Адм. Драке заявляет, что советская миссия находится в преимущественных условиях, так как имеет возможность непосредственно сноситься со своим правительством. Далее адмирал Драке заявляет, что если бы было удобным перенести переговоры в Лондон, то он имел бы все полномочия, но ввиду дальности расстояния от Лондона он не может подписать конвенцию без того, чтобы эту конвенцию не видело его правительство.

Маршал К. Е. Ворошилов под общий смех замечает, что привезти бумаги из Лондона в Москву легче, чем ехать в Лондон такой большой компанией.

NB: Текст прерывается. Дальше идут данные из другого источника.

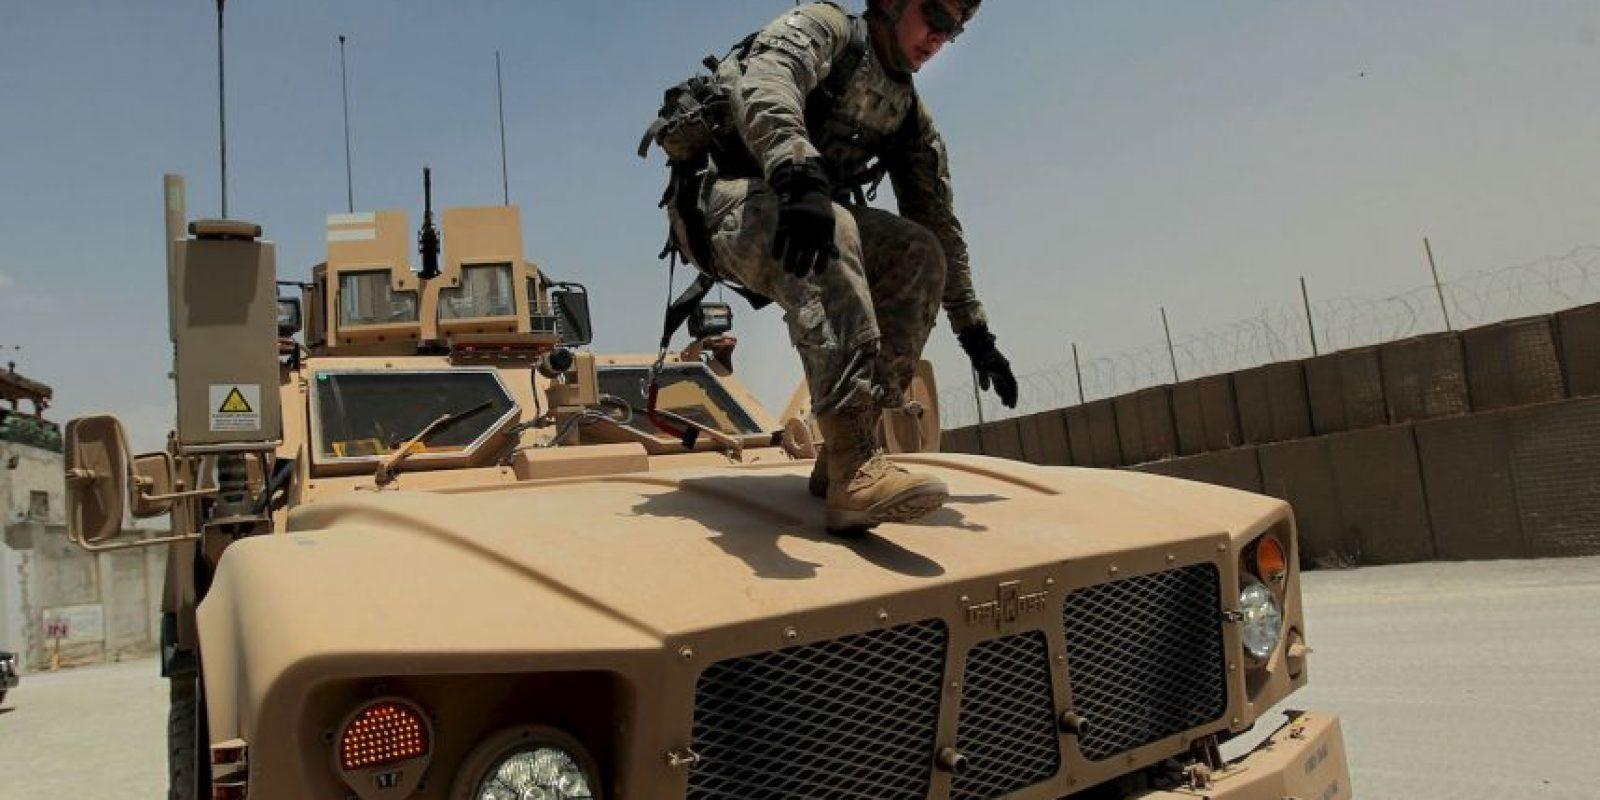 El nuevo vehículo reemplazará al Humvee. Foto:Getty Images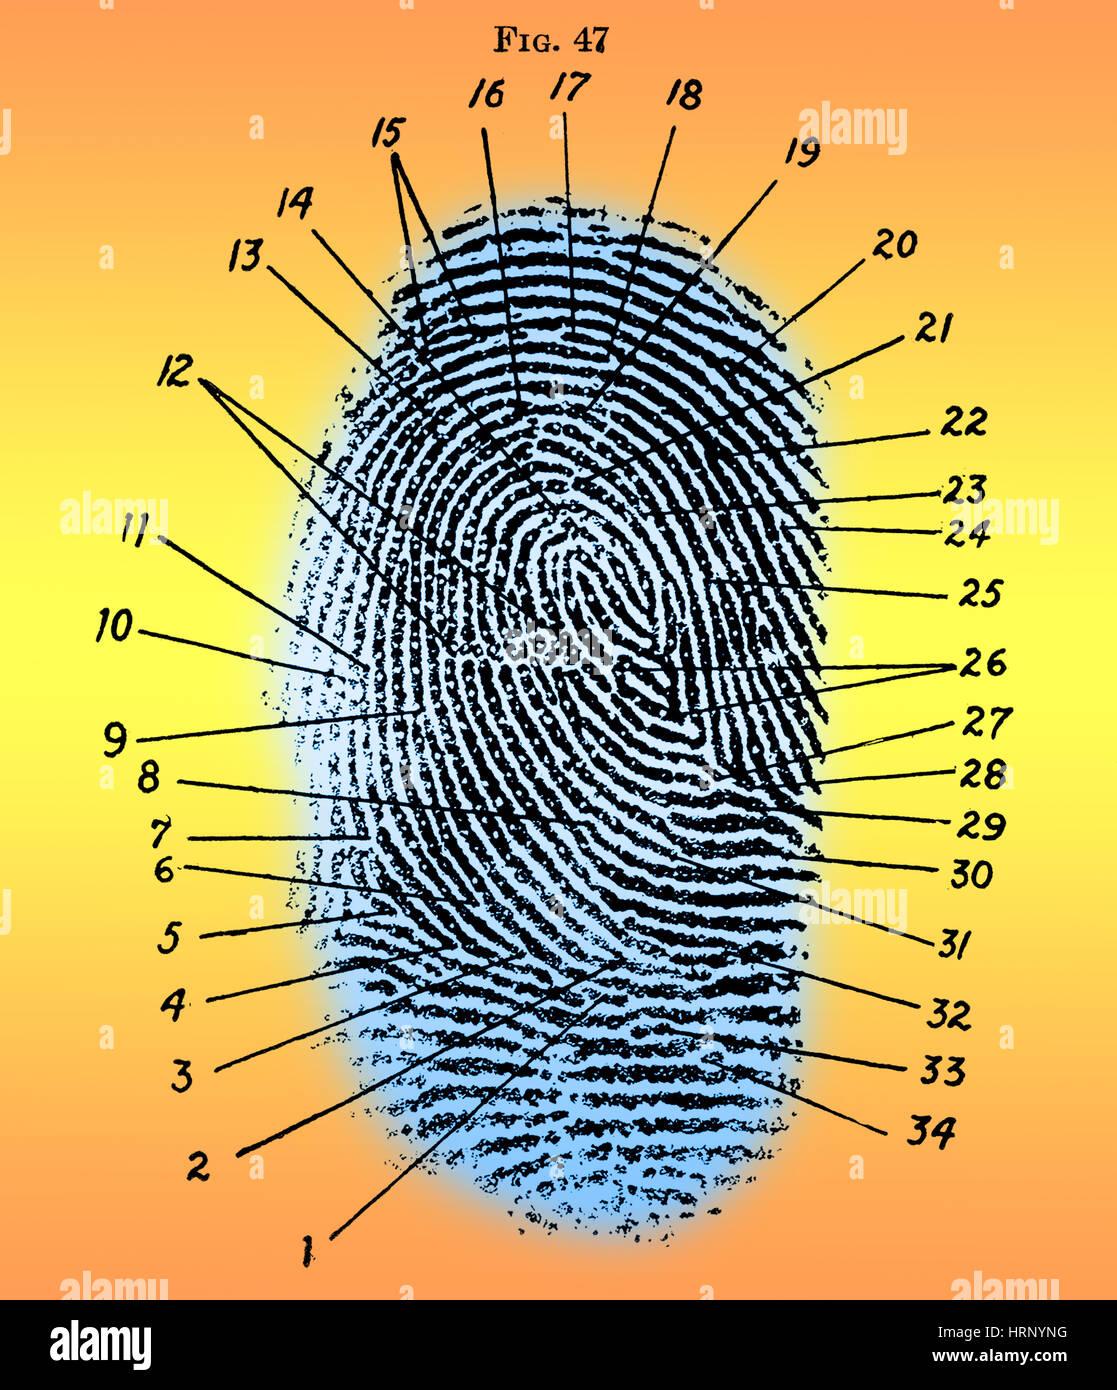 Schema di impronte digitali, 1940 Immagini Stock

Адм. Драке заявляет, [что] он считает, что отсутствие полномочий не должно служить препятствием к ведению переговоров и что не было таких прецедентов, чтобы миссия, которая едет для военных переговоров, уполномочивалась подписать конвенция без правительства. Так было при наших переговорах с Турцией и Польшей».

Я прерву цитирование протокола, чтобы выразить свое собственное мнение. Слова британского адмирала можно принять во внимание. Военная миссия, имеющая соответствующие полномочия, договаривается о соглашении, после чего правительство его утверждает. Вопрос только в том, что до дня, когда Германия начнет действовать, осталось менее трех недель. Надо было присылать не просто переговорщиков, а лиц, уполномоченных подписывать документ, оформляющий военный союз против агрессии.

Цитируем дальше:

«Ген. Думенк зачитывает свои полномочия…

Маршал К. Е. Ворошилов. Теперь я хотел бы просить главу английской миссии адмирала Дракса и главу французской миссии генерала Думенка сообщить нам их предложения относительно тех мероприятий, которые должны обеспечить, по их мнению, организацию обороны договаривающихся стран, т. е. Англии, Франции и Советского Союза. Есть ли у миссий Англии и Франции соответствующие военные планы?

Адм. Драке заявляет, что, приезжая сюда по приглашению Советского правительства, он рассчитывал, что проект будет предложен советской миссией».

Снова прервем цитирование, чтобы вдуматься в слова английского адмирала. Менее трех недель осталось до агрессии Германии против Польши, а следовательно, и войны Германии против Англии и Франции. СССР не имеет с Германией общей границы и, по крайней мере, на первых порах, в войне принять участия не может.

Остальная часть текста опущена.